# Help! How to make my dog stay in the tub..?



## MarleyJo (Mar 28, 2011)

I recently started giving Marley (my pit mix) baths. She doesn't like them, so she tries to get out all the time. How do I prevent this?


----------



## abi88 (Jul 2, 2008)

I put on a bathing suit and get in with them!:tounge: 
I was told when we got Leo that he was HORIBLE to bathe, "takes hours" as the old owner said.

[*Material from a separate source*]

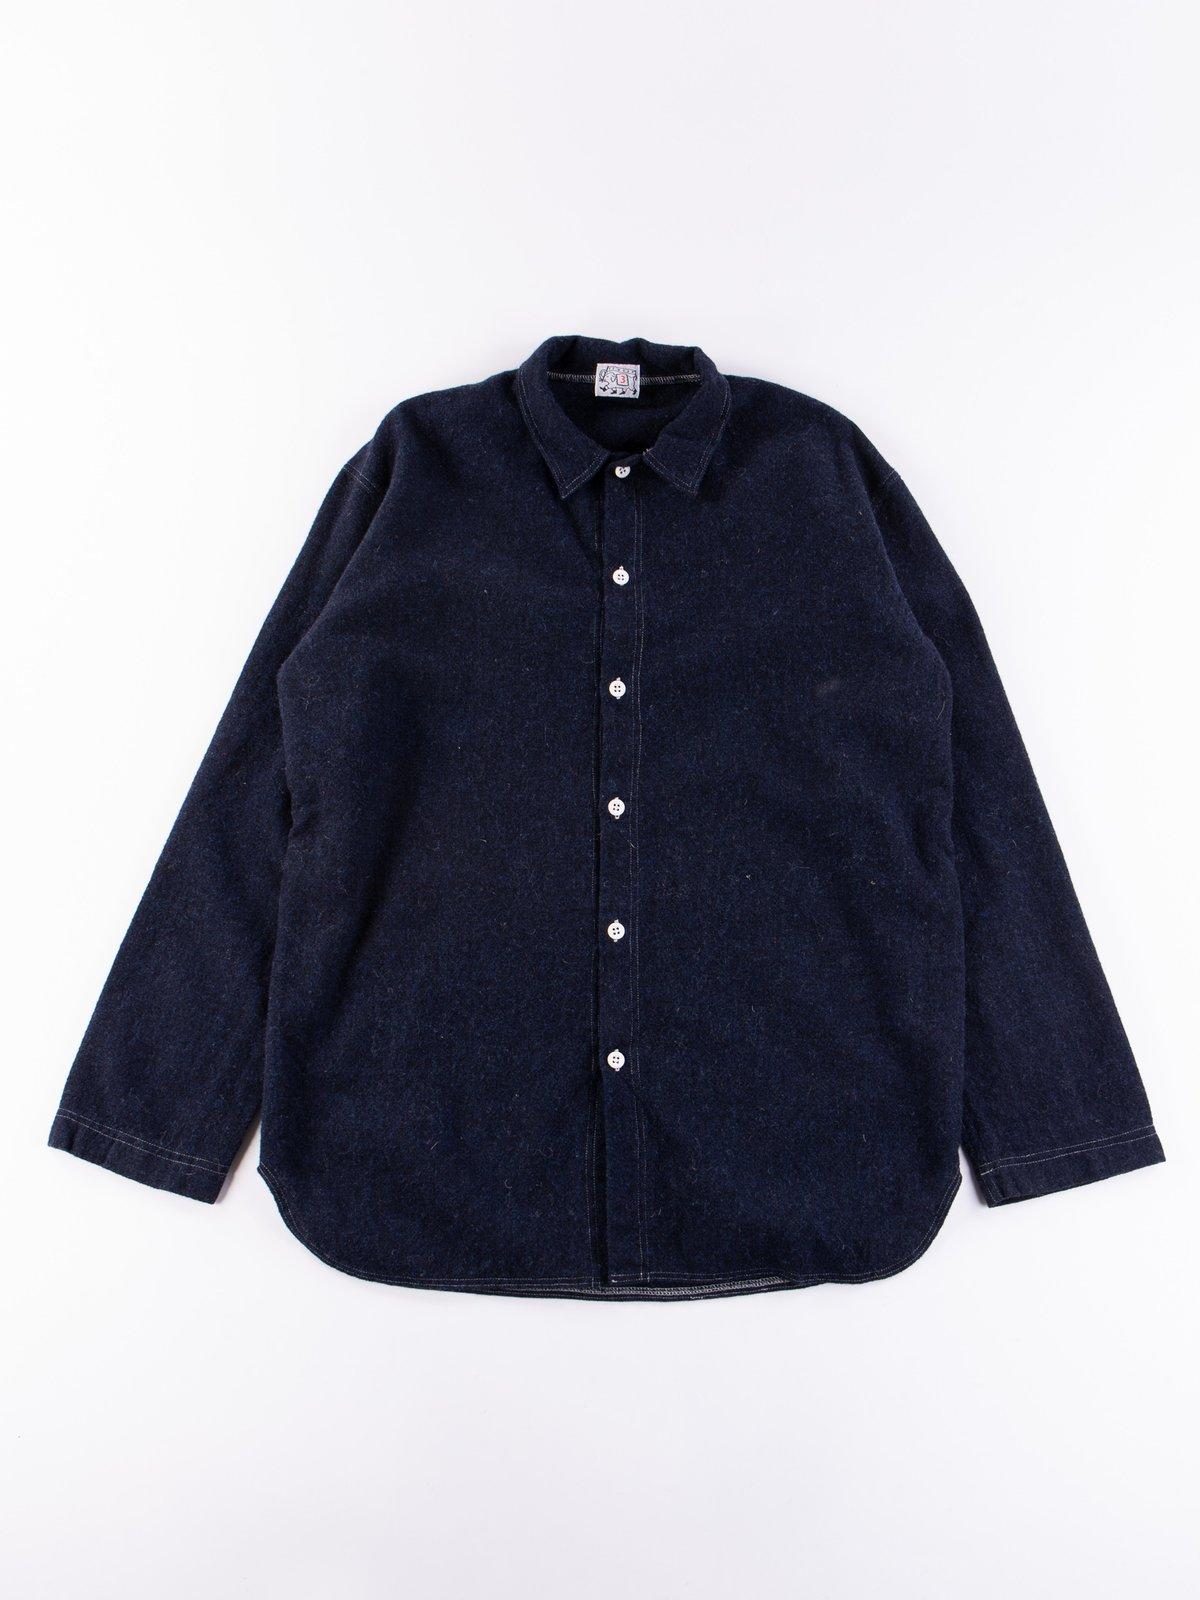 Navy Weavers Stock Tail Shirt - Image 1

Took me exactly 15 min to bathe, rinse, and brush out a couple days ago!. IMO it makes them feel safer!. (I started when we had the Basset growing up and she HATED bathes other then when I gave them to her!)


----------



## MarleyJo (Mar 28, 2011)

I don't know if I could ever get into the bath with her, I'm slightly allergic to her but only when she is wet, so I get itchy all over my arms.


----------



## Allyfally (Mar 4, 2011)

The way I got Falcor used to baths (he's a Pyrenees mix and can very easily get out of the tub) was to make it a happy place. I taught him "in" so he knows to get in, and then I gave him TONS of treats. He still doesnt like getting a bath, but he'll stand there and tolerate it.

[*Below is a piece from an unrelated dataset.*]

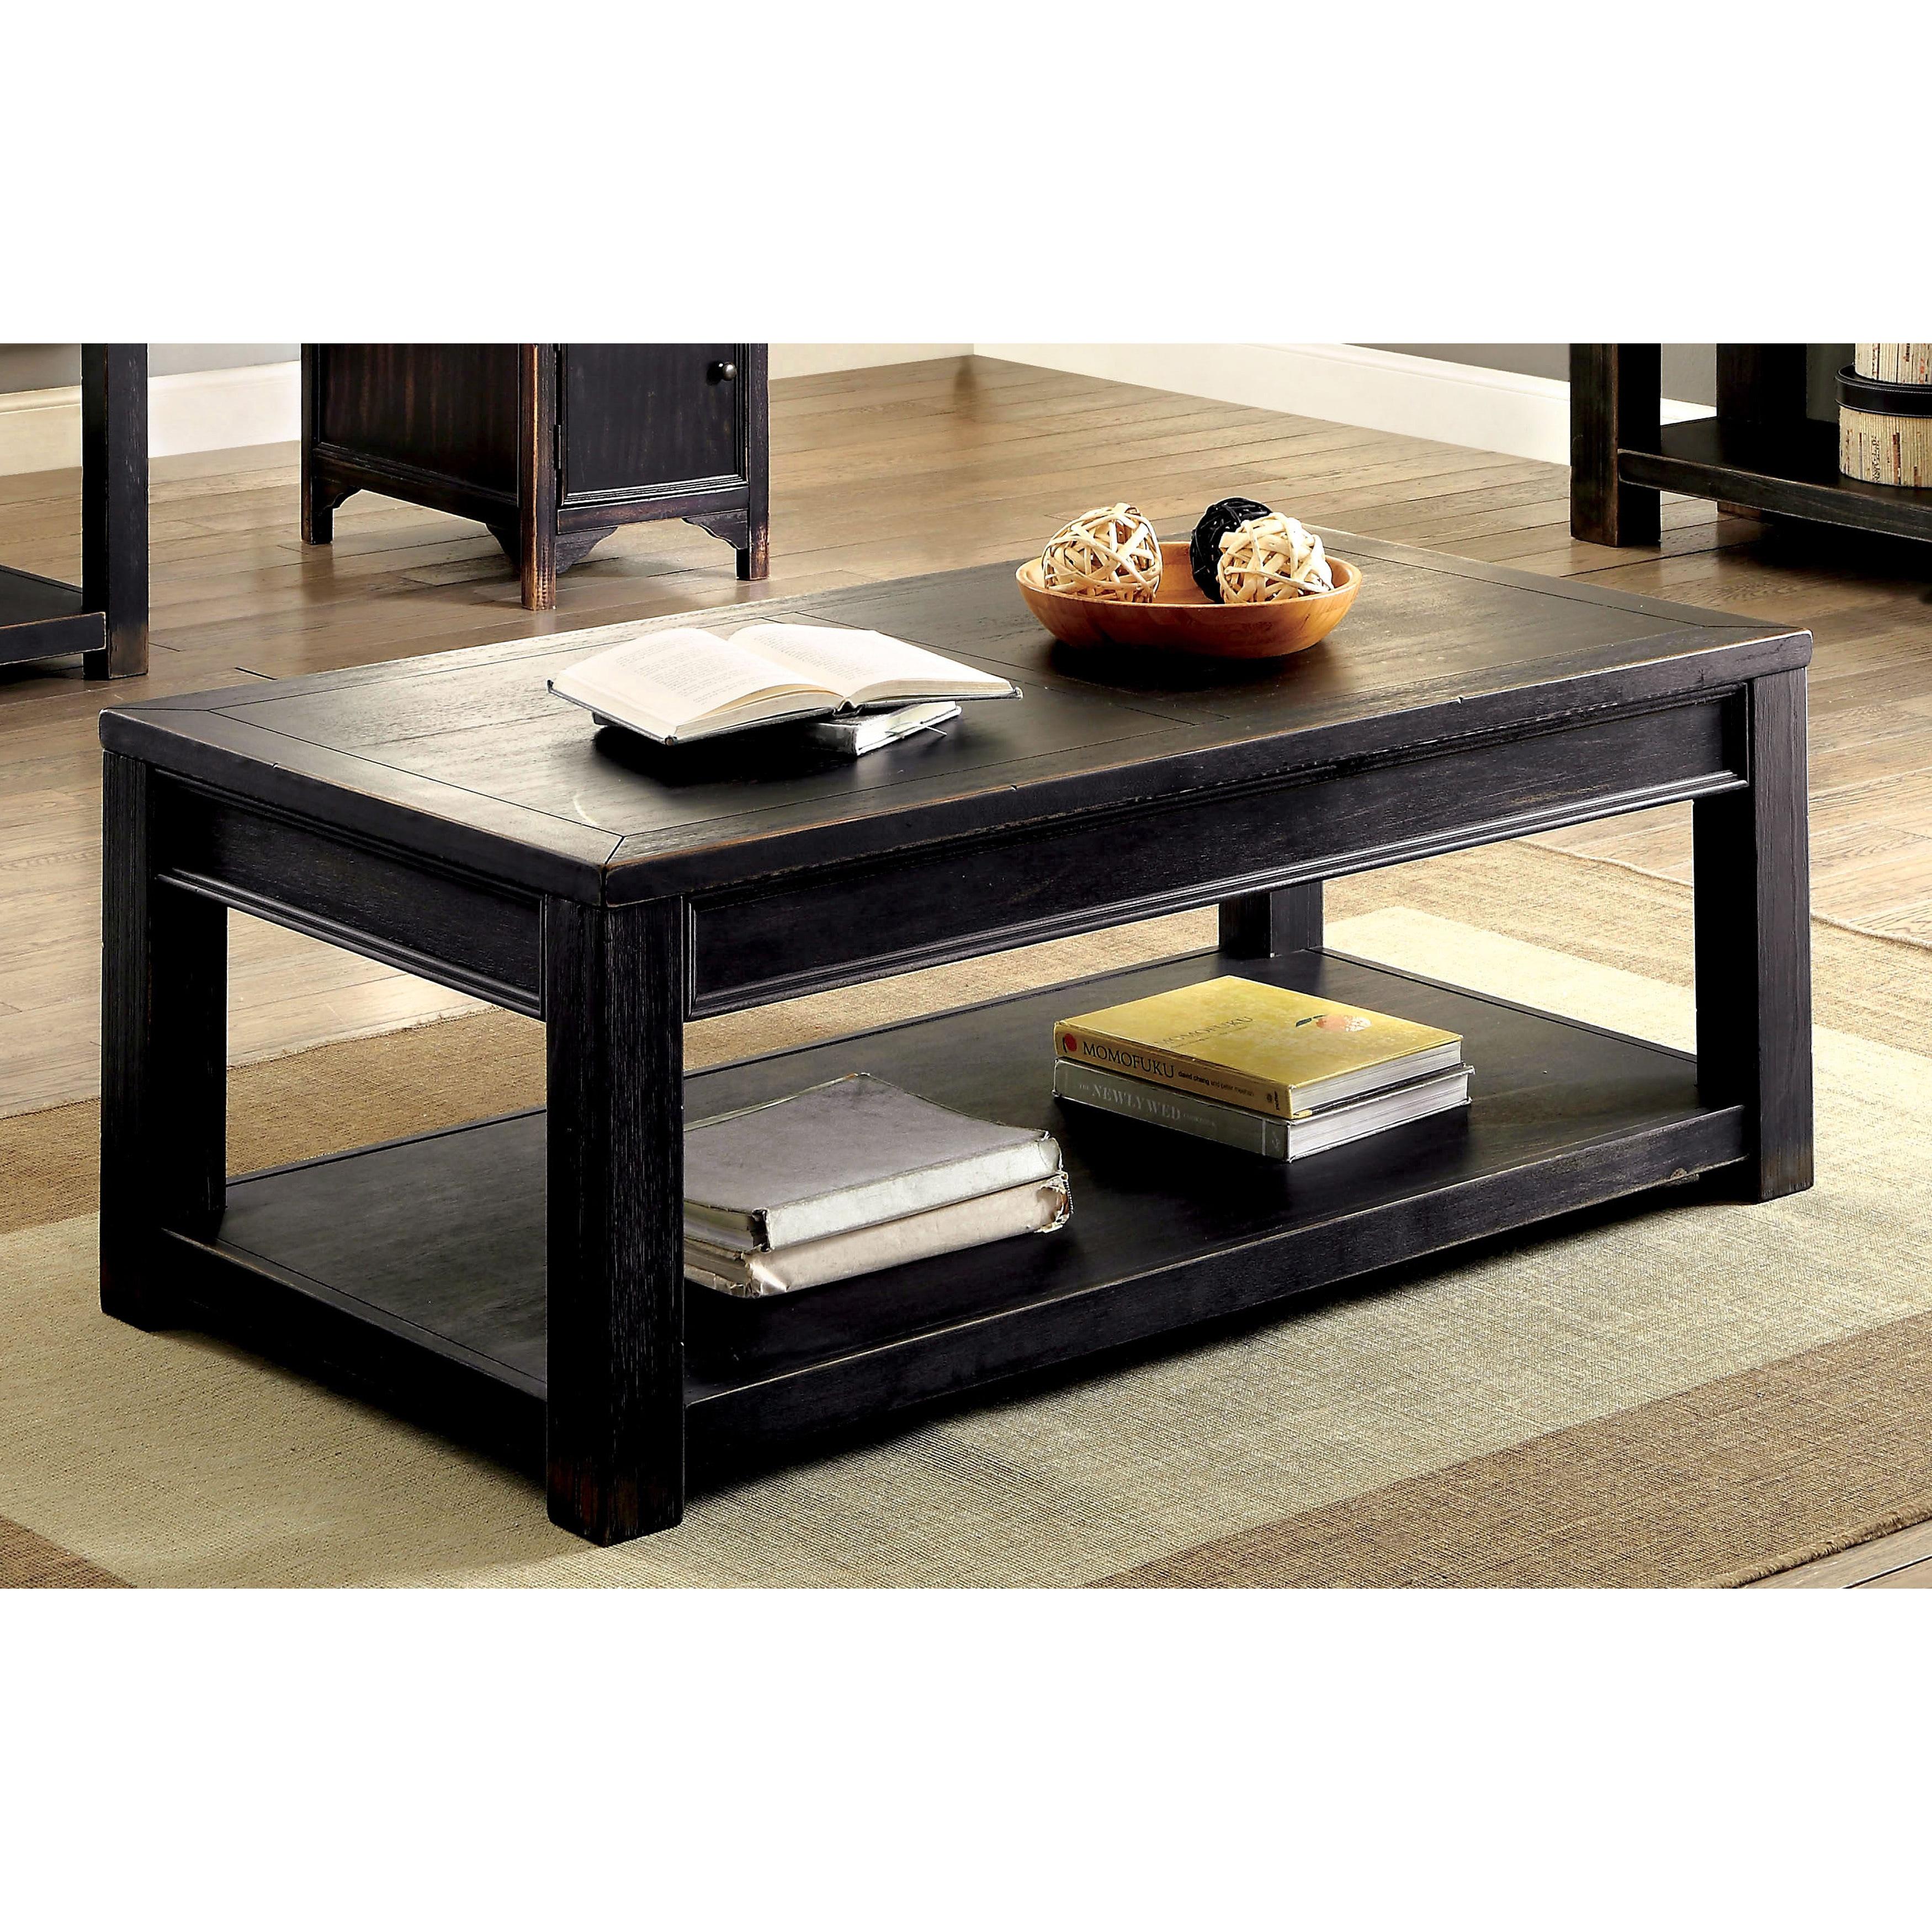 Furniture of America Cosbin Bold Antique Black Coffee Table Free

Judas is different. The second he gets in the tub, he's immediately scrambling to get out. We have a glass shower door, so I just get in with him and close the door. We also have one of these http://www.walmart.com/ip/Oster-Animal-Care-Rapidbath-Indoor-Shower-Kit-1-Pk/14711229 and it makes it go super quick. Plus, you dont have to touch them very much, so you wouldnt have as bad of an allergic reaction.


----------



## Kathyy (Jun 15, 2008)

I get in the tub with the dog, once he is clean he goes to the back of the tub and I rinse off to remove that itchy hair. I have a nice sliding glass door so if it is completely closed the dog is pretty well trapped even if I am not giving him my full attention. Then I get out and get dressed then the dog gets out and we go for a drying off walk.


----------



## MarleyJo (Mar 28, 2011)

Yeah, I should really get one of the rapid bath things. I think it would be amazing for me and Marley. I should also try that treat thing, even with the water out of the tub so she goes in there with and without water.


----------



## Irishman (May 13, 2011)

It's pretty handy if you get her happy with the experience when she's still little. When I brought my dogs home as wee little puppies, I threw on some shorts and got in the bath with them, bathing them in my lap. The material of the tub, and especially the sound of the pouring water, can really freak a lot of puppies/dogs out, and if you're with them, reassuring them, it's not so bad. If I was starting from scratch, I'd give her treats while putting her in the tub, and give another throughout the bath at random intervals. I've bathed dogs that didn't like the tub and their bath at first, and always kept one hand on their chest or on their neck (gently) so they didn't make a sudden break for it. I don't grip - just pet them, while keeping my hand there so they don't feel like it's wide open for a jump. Otherwise, I act like I do when they're not in the tub, and rub their ears, telling them they're so good, and all other little things that make them happy.


----------



## ember (Jun 29, 2011)

Practice a couple of time of day, telling her to "get in the tub." and give treats while she's in it, but DON'T give her a bath... not yet at least. Keep that up until she has it down pat. If she loves toys, bring her favorite to play in the tub with. Just work on getting her to associate tub with treats and fun. Do it for about a week, every day, even twice a day. Then when you go for the real thing give TONS of treats and praise. If you can still bring that favorite toy in, great! However, make sure its not right after meal time so she is good and hungry. 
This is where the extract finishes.